Train DQN Agent with LSTM Network to Control House Heating System

This example shows how to train a deep Q-learning network (DQN) agent with a Long Short-Term Memory (LSTM) network to control house heating system modeled in Simscape®. For more information on DQN agents, see Deep Q-Network (DQN) Agents.

House Heating Model

The reinforcement learning (RL) environment for this example uses a model from the House Heating System (Simscape). The model in this RL example contains a heater, a thermostat controlled by an RL agent, a house, outside temperatures, and a reward function. Heat is transferred between the outside environment and the interior of the home through the walls, windows, and roof. Weather station data from the MathWorks® campus in Natick MA is used to simulate the outside temperature between March 21st and April 15th, 2022. ThingSpeak™ was used to obtain the data. The data, "temperatureMar21toApr15_20022.mat", is located in this example folder. For more information about the data acquisition, see Compare Temperature Data from Three Different Days (ThingSpeak).

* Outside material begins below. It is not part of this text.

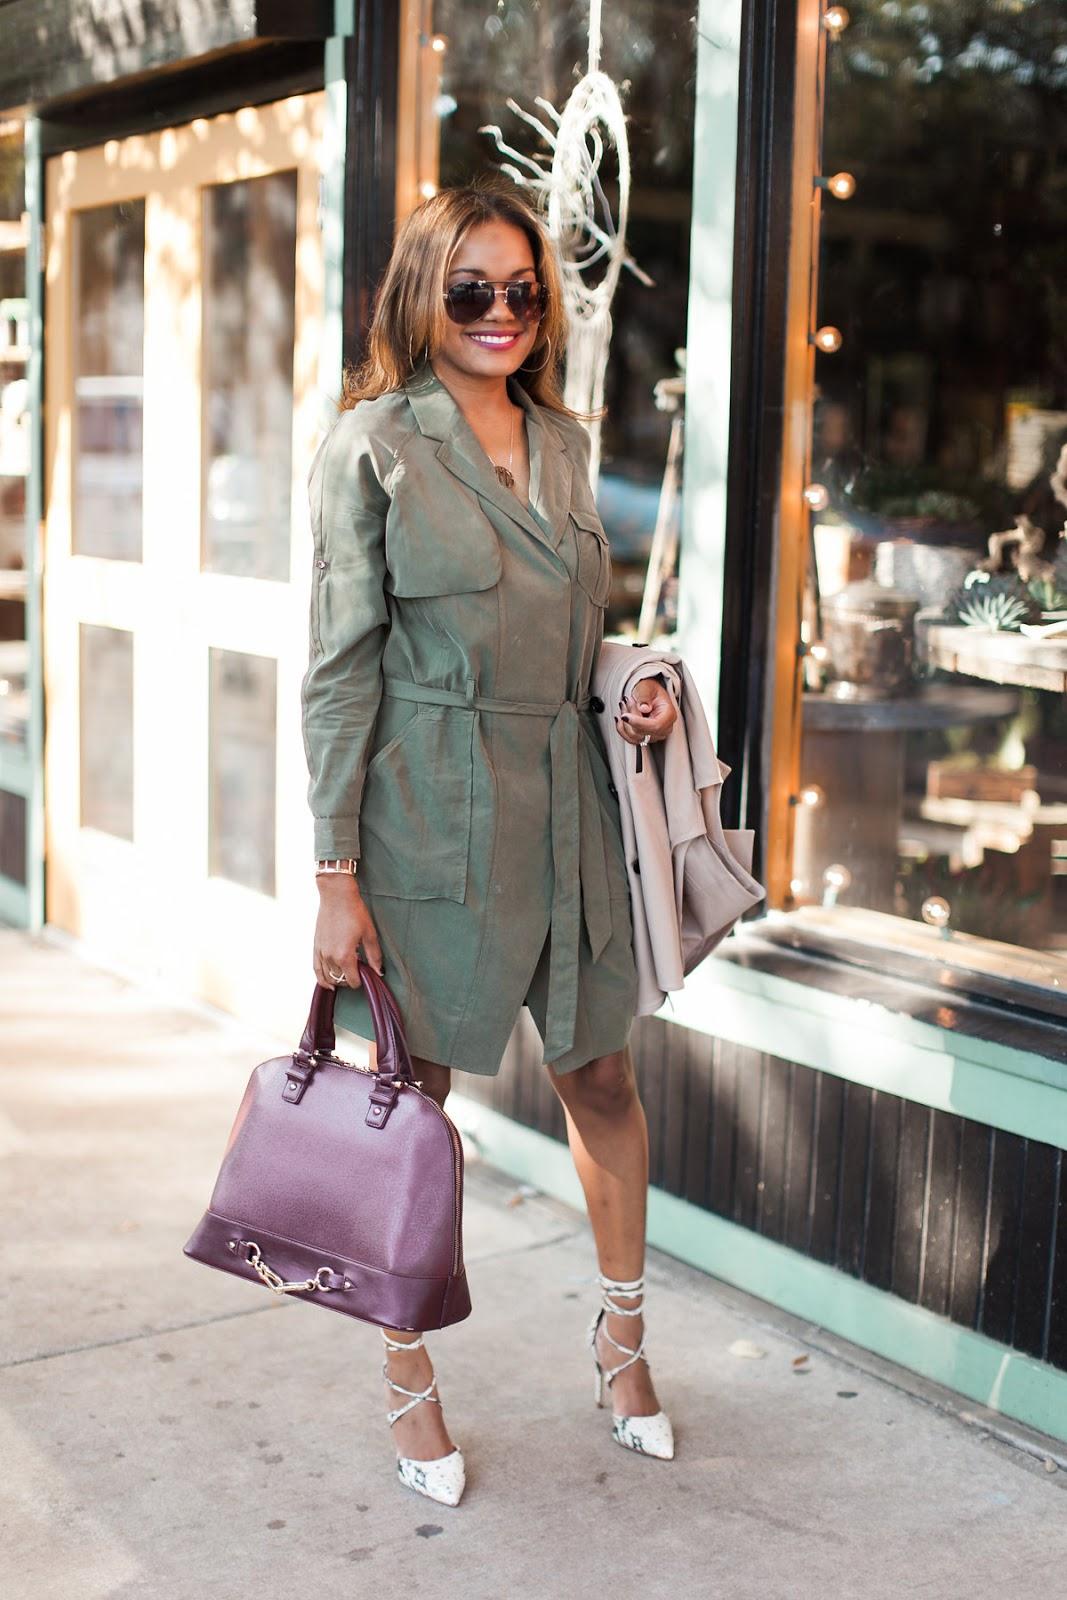 Banana Republic olive trench dress, olive, fall fashion, how to layer, ann taylor, trench dress, steve madden raela pump, justfab, dallas fashion blogger, fashion blogger, detroit fashion blogger, black fashion blogger, steve madden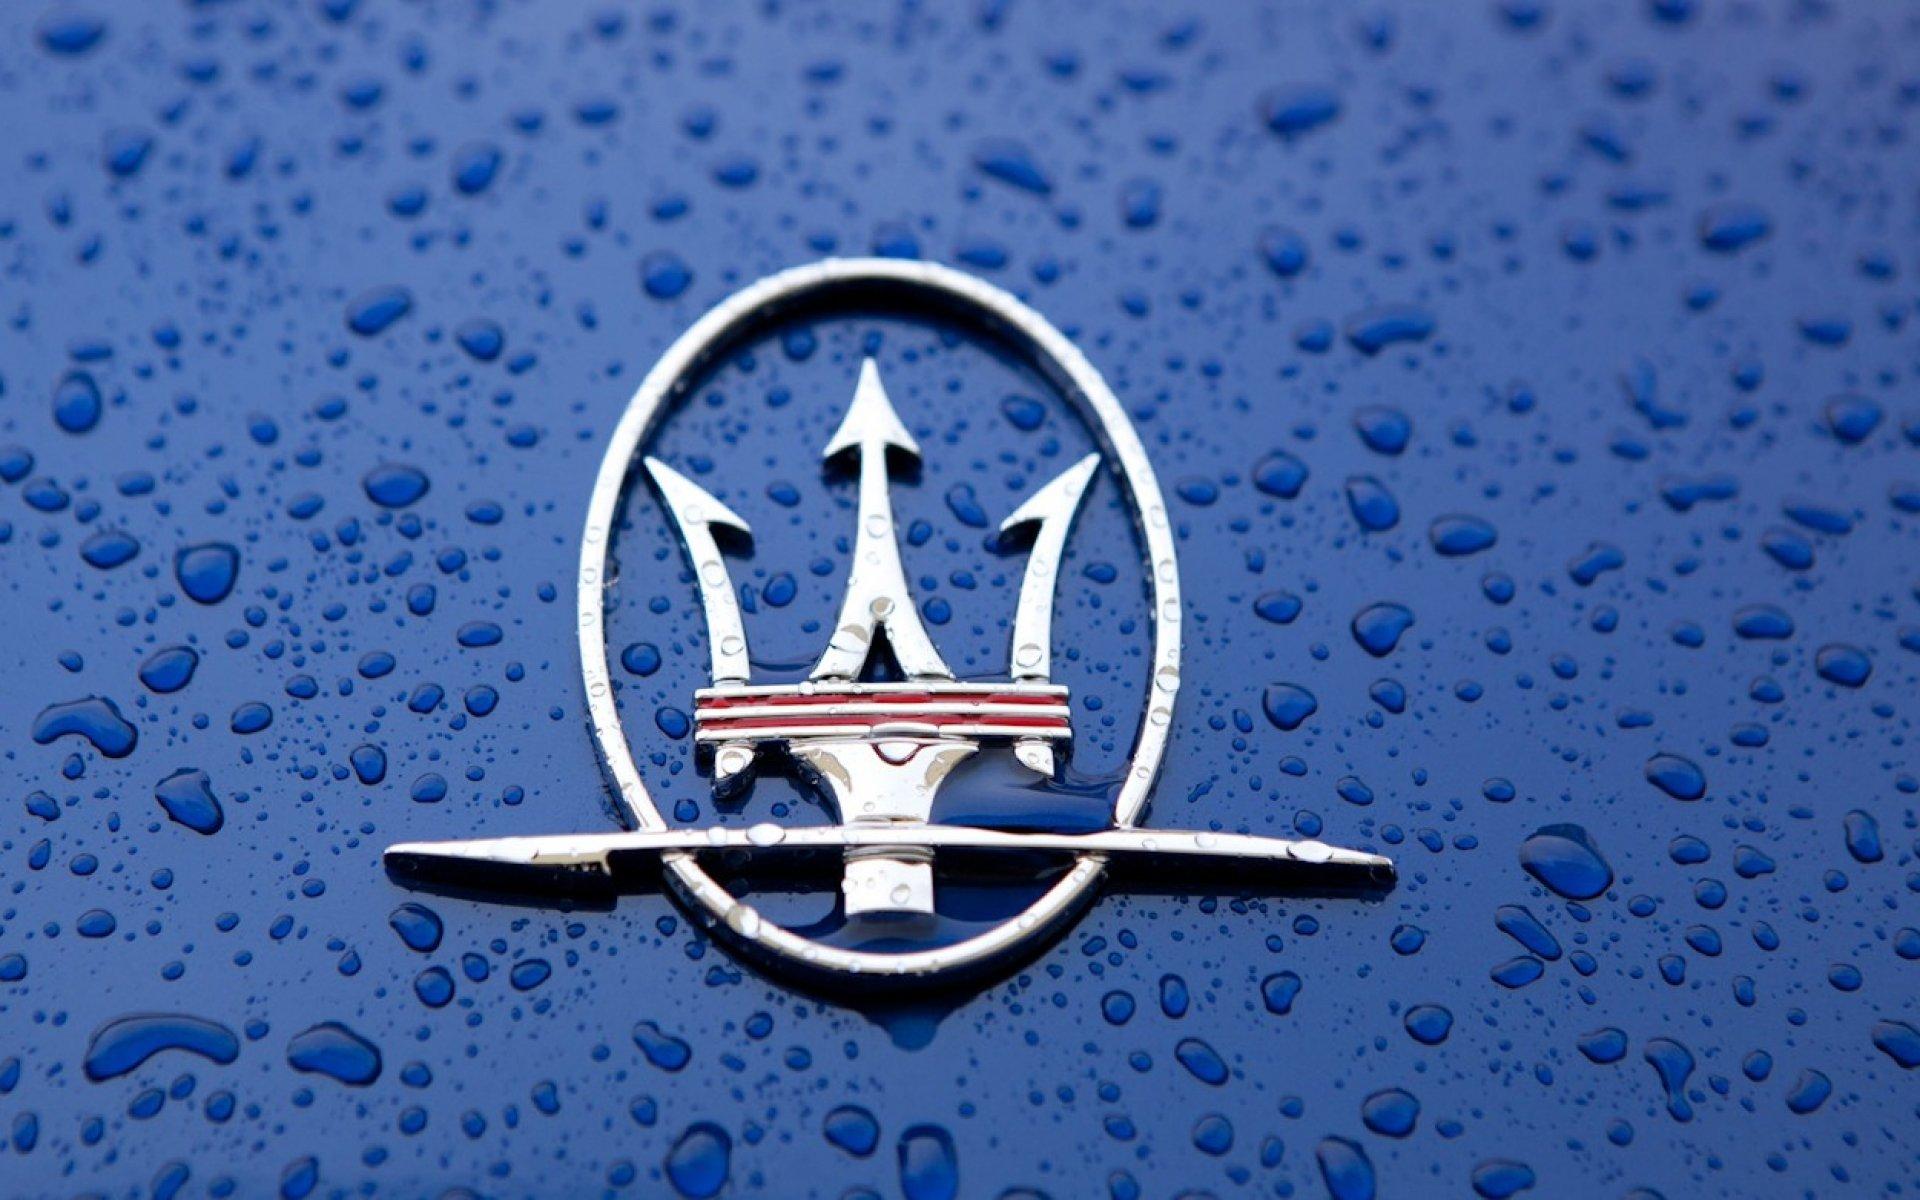 6 hd maserati logo wallpapers - Car logo wallpapers ...

The training goal for the agent is to minimize the energy cost and maximize the comfort of the room by turning on/off the heater. The house is comfortable when the room temperature ${\mathit{T}}_{\mathrm{room}}$is between ${\mathit{T}}_{\mathrm{comfortMin}}$ and ${\mathit{T}}_{\mathrm{comfortMax}}$.

• Observation is a 6-dimensional column vector that consists of room temperature (${}^{\circ }C$) , outside temperature (${}^{\circ }C$) , max comfort temperature (${}^{\circ }C$) , min comfort temperature (${}^{\circ }C$) , last action, and price per kWh (USD). The max comfort temperature, the min comfort temperature, and the price per kWh in this example doesn't change over time, and it is unnecessary to use them to train the agent. However, you can extend this example by varying these values over time.

• Action is discrete. Either turning on the heater or turning off. A = {`0`, `1`}. We use `0` for off and `1` for on.

• Reward consists of three parts: energy cost, comfort level reward, and switching penalty. These three units are different, and users are expected to take balance, especially between energy cost and comfort level, by changing the coefficients of these terms. The reward function is inspired by [1].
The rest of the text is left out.